# Piper at her first show!



## HamiltonAcresBoers (May 9, 2012)

My baby girl Piper went to her first show this last weekend. At 11 weeks old, she took her first 1st place! So proud of my baby. Here are some pictures  another show this weekend.


----------



## Scottyhorse (Feb 11, 2013)

Congrats!


----------



## sweetgoats (Oct 18, 2007)

Way to go. Vey nice looking goat there.


----------



## Tenacross (May 26, 2011)

Nice!


----------



## nancy d (Oct 5, 2007)

She's beautiful & she knows it! Great job & congrats Hamiltonacres.


----------



## TrinityRanch (Mar 26, 2013)

She looks so great! Such a tall girl


----------



## Dani-1995 (Mar 11, 2011)

Congratulations! She looks awesome! I love her front end!

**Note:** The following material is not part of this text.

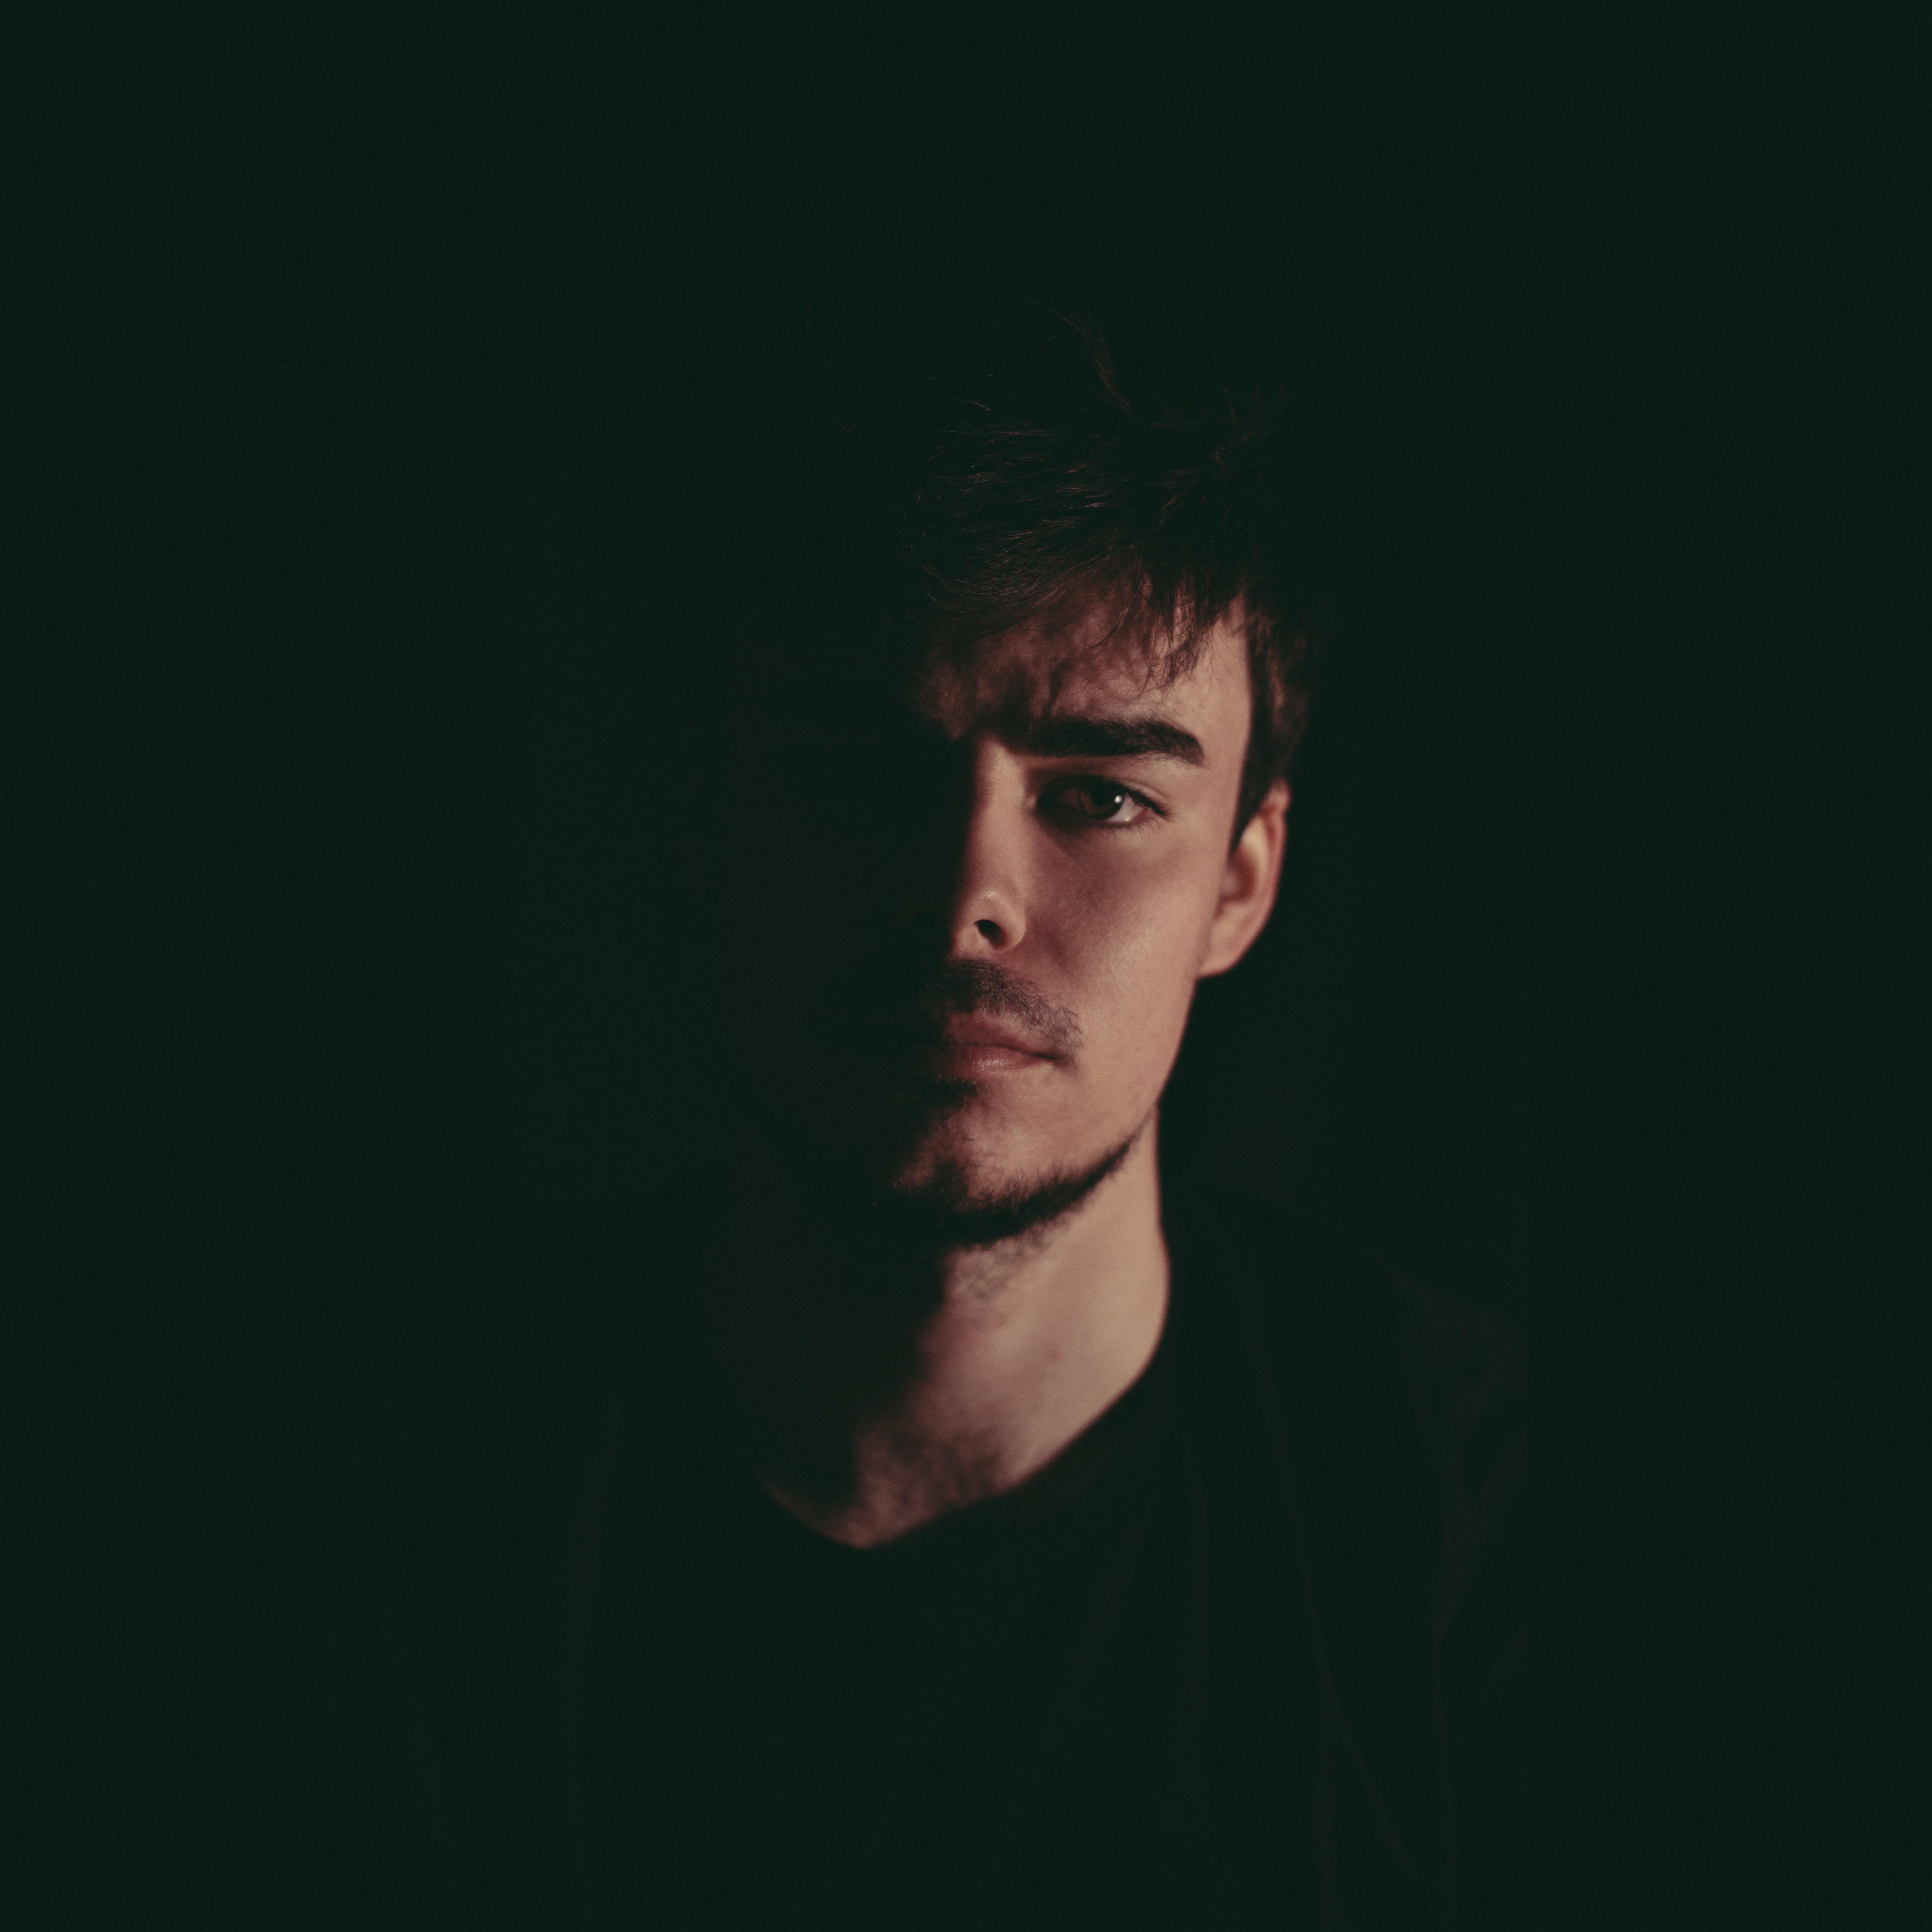 man standing on dark area

Did you glue her legs or is that natural?


----------



## HamiltonAcresBoers (May 9, 2012)

Thank you everyone!! I love my little baby 



Dani-1995 said:


> Congratulations! She looks awesome! I love her front end!
> 
> Did you glue her legs or is that natural?


What do you mean, glue?


----------



## Dani-1995 (Mar 11, 2011)

Spray on adhesive to make it stand up. We do it for the wethers at state fair


----------



## toth boer goats (Jul 20, 2008)

Nice work, congrats


----------



## HamiltonAcresBoers (May 9, 2012)

Dani-1995 said:


> Spray on adhesive to make it stand up. We do it for the wethers at state fair


Nope, no adhesive! She's really big boned. And fluffy lol. I haven't quite mastered the art of adhesive yet lol.


----------



## Dani-1995 (Mar 11, 2011)

I can tell she is huge boned... she's really thick everywhere. I just wish my boys had that much hair on their legs... then when I mess up on trimming you wont be able to tell as much haha. I haven't mastered it yet either but I still try... my poor goats


----------



## HamiltonAcresBoers (May 9, 2012)

Dani-1995 said:


> I can tell she is huge boned... she's really thick everywhere. I just wish my boys had that much hair on their legs... then when I mess up on trimming you wont be able to tell as much haha. I haven't mastered it yet either but I still try... my poor goats


We're thinking about using her a donor for a flush to MOTO Red Jacket, solid red


----------



## Dani-1995 (Mar 11, 2011)

That would be a nice combo! I think she will throw some nice kids for you... I'd love to have one like her for my own program. Ill be looking for a couple nice does next year and I'm breeding my doe Sugar that you liked this fall. She's either going to a ripper grandson or a heavy bred main event buck.


----------



## HamiltonAcresBoers (May 9, 2012)

Dani-1995 said:


> That would be a nice combo! I think she will throw some nice kids for you... I'd love to have one like her for my own program. Ill be looking for a couple nice does next year and I'm breeding my doe Sugar that you liked this fall. She's either going to a ripper grandson or a heavy bred main event buck.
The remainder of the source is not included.